Question:
It's an open problem whether or not the Jones polynomial distinguishes the unknot from all other knots. That is, the following problem is unsolved.
Does there exist a knot $K$ which is not the unknot, such that $V(K) = 1$?
I was wondering if a solution to the following related problem is known:
Does there exist a knot $K$ which is not the unknot, such that $V(K)$ is a unit in $\mathbb{Z}[t,t^{-1}]$? (Explicitly, the units are of the form $\pm t^k$ for $k \in \mathbb{Z}$.)
My attempts:
Running my eyes through some knot tables, I couldn't find any examples for knots with at most 10 crossings.
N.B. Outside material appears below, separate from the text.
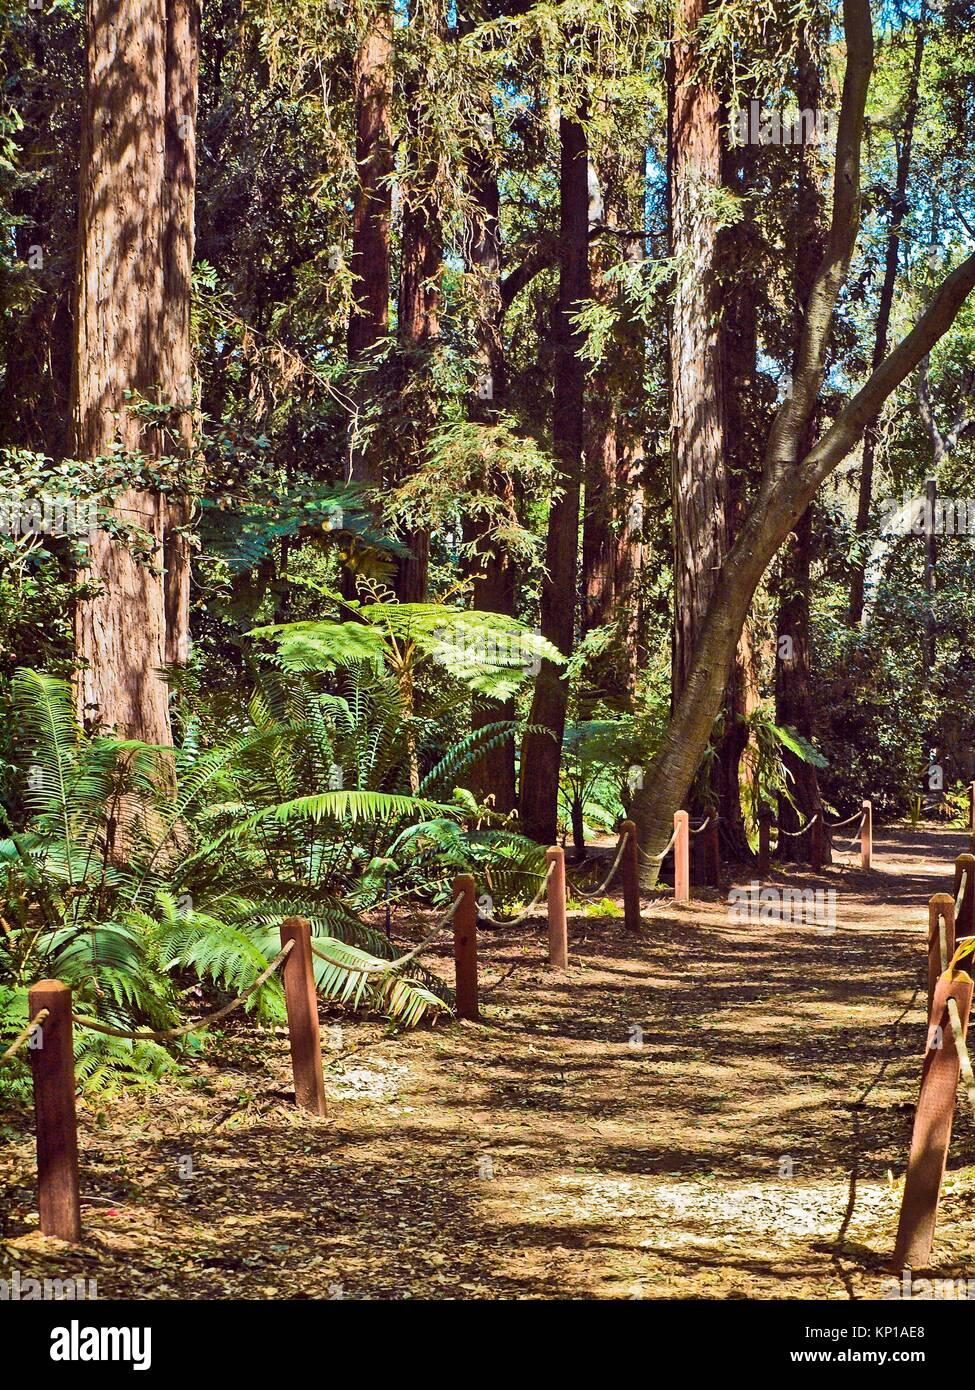 Descanso Gardens Stock Photos & Descanso Gardens Stock Images - Alamy
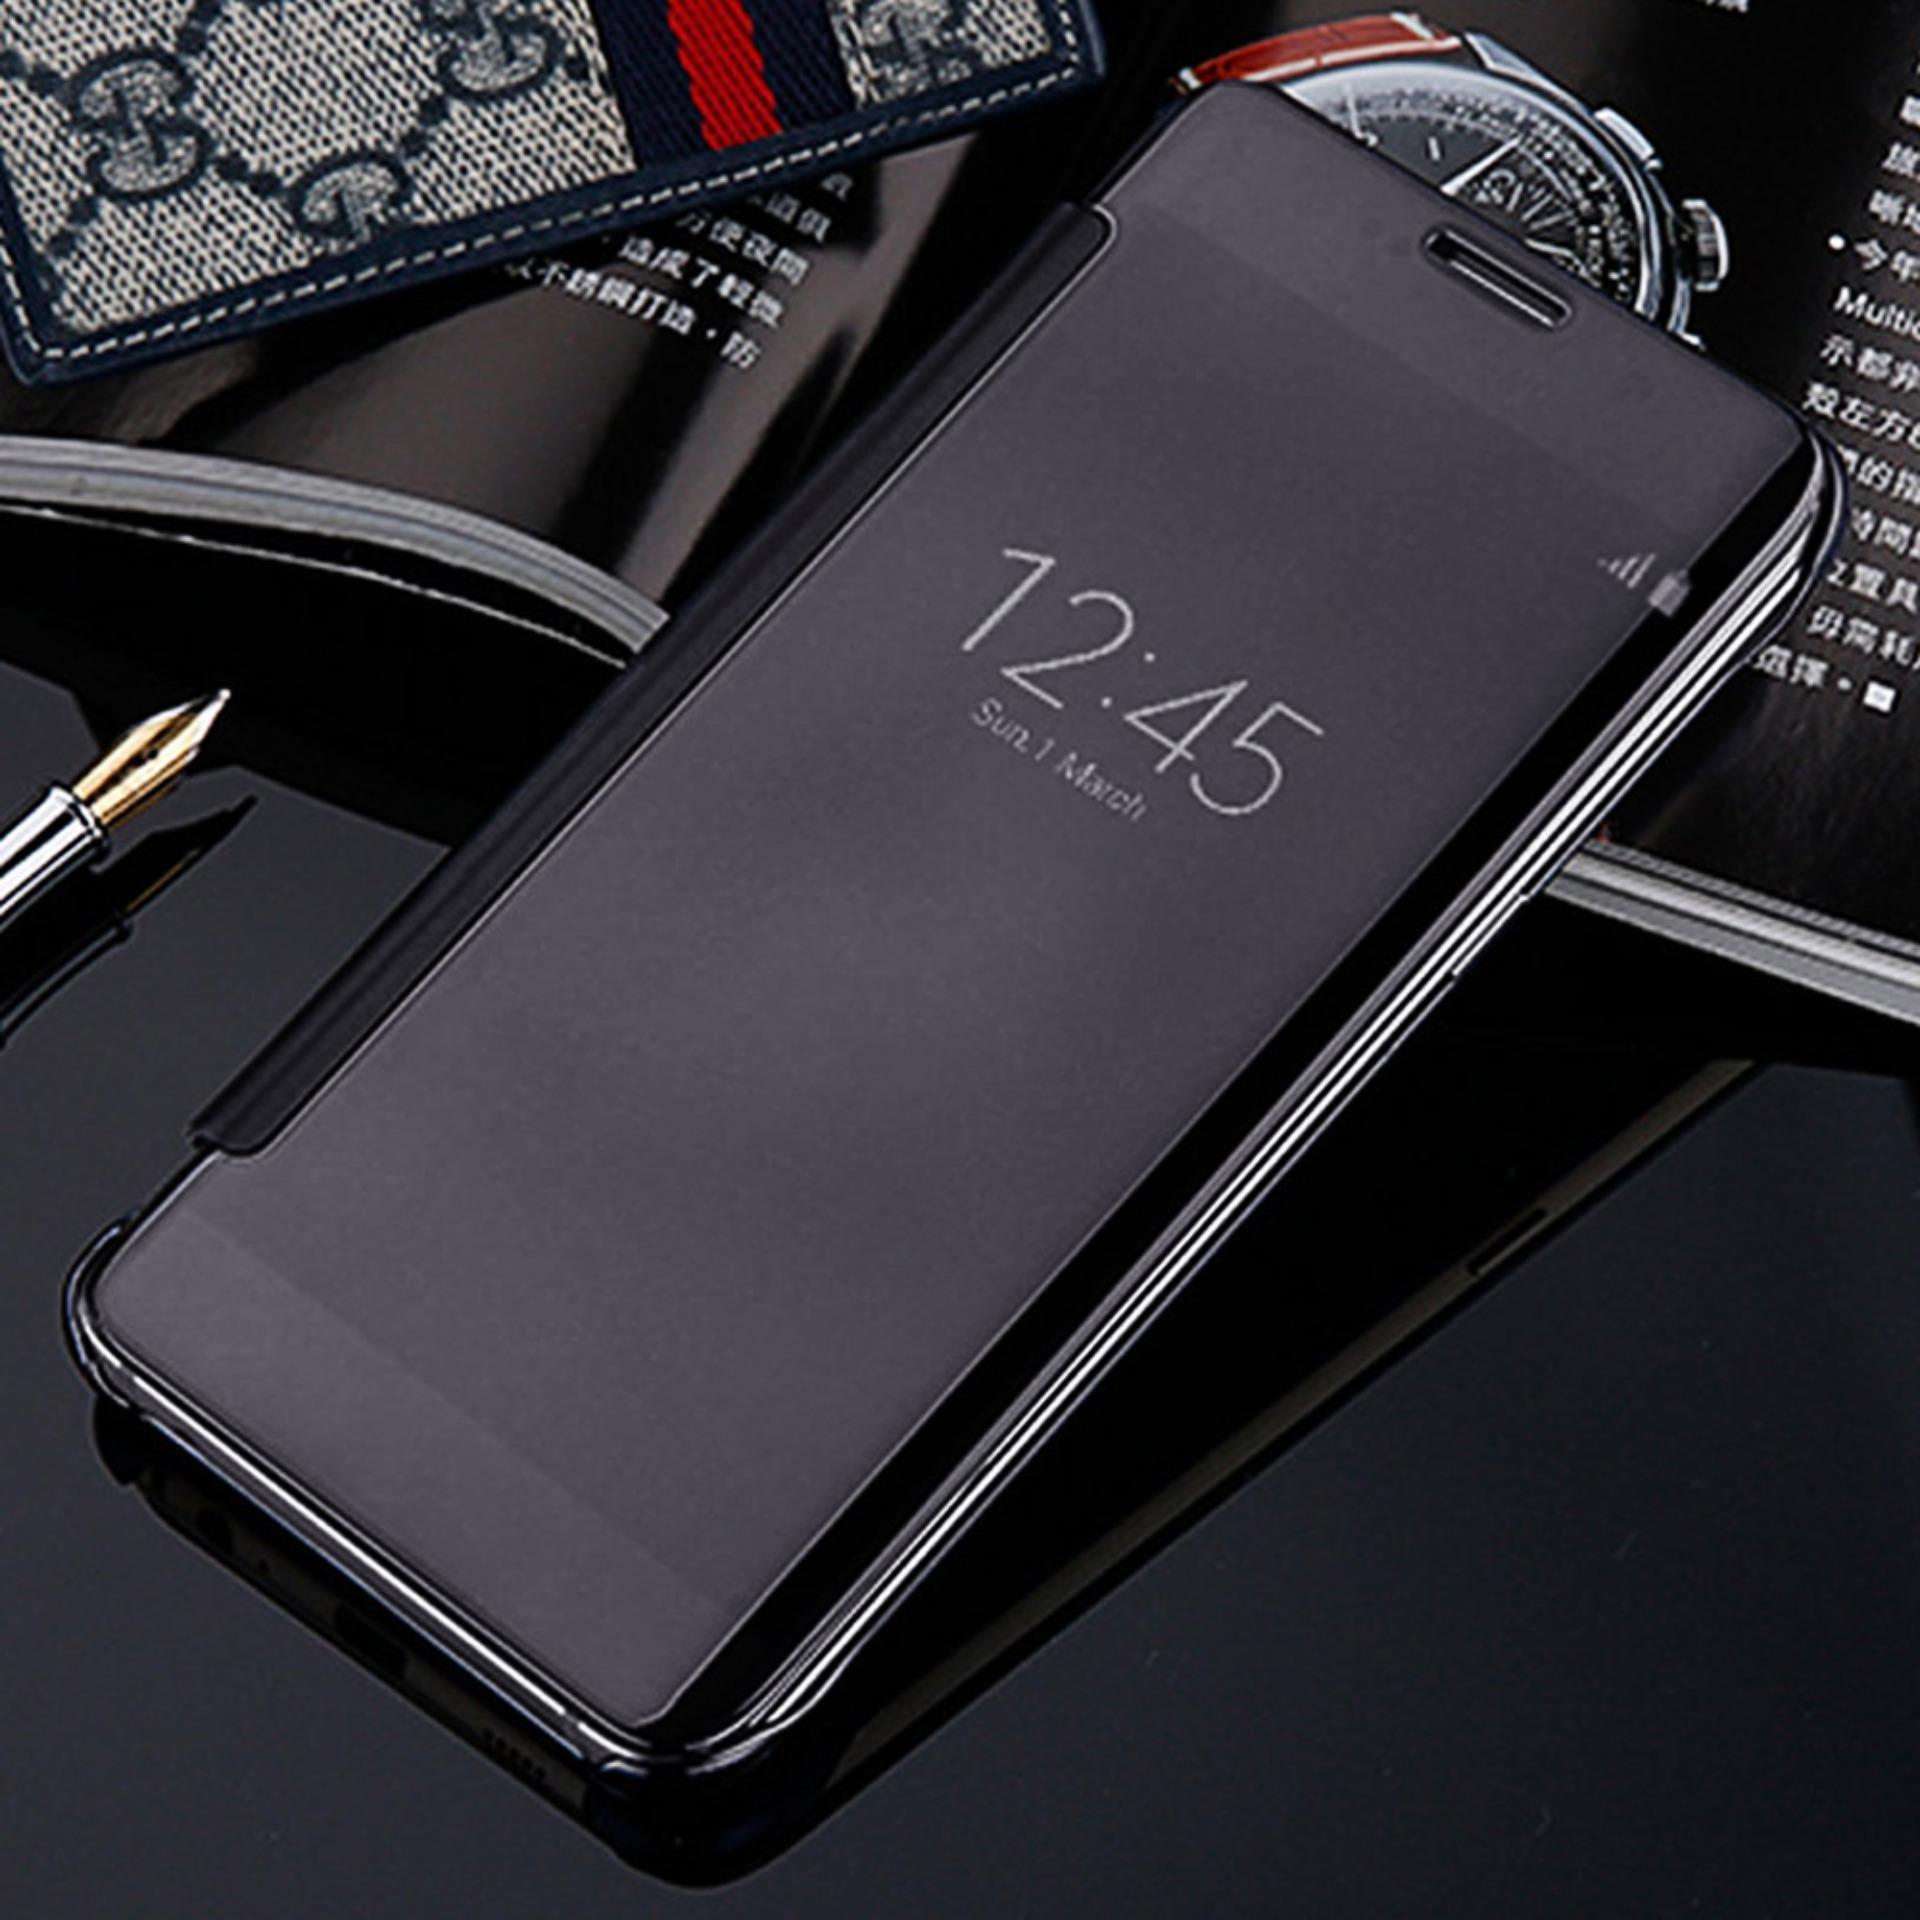 Hình ảnh Bảo vệ MÁY TÍNH Xi Mạ Thông Minh Gương Clear View Flip Điện Thoại Ốp dành cho Samsung Galaxy Note 7 Màu Đen

I then attempted to prove that this question is equivalent to the open problem concerning "when does $V(K) = 1$?" using the Skein relations. However, the Skein relations may convert knots to links, which is a problem because the open problem above strictly applies to knots. I also thought that I could work backwards from non-trivial links $V$-indistinguishable from the unlink (by again using the Skein relations) to exhibit a knot with unit Jones polynomial, but I couldn't figure out how to do this either.
Unnecessary background:
The reason I'm interested in this question is because I was wondering if it was possible to prove that knots decompose into connected sums of primes by using the Jones polynomial instead of the genus (but following a similar proof outline). I realised that the analogous proof fails in the crucial step where we require "$K$ is non-trivial" to imply that "$V(K)$ is non-trivial". In this context, we want to use that integral Laurent polynomials form a UFD together with $V(K+P) = V(K)V(P)$. Therefore "non-triviality" for a polynomial corresponds to whether or not it's a unit. (Of course this proof is doomed to fail because of the openness of "when is $V(K) = 1$?", but nonetheless it made me think about the general question with units.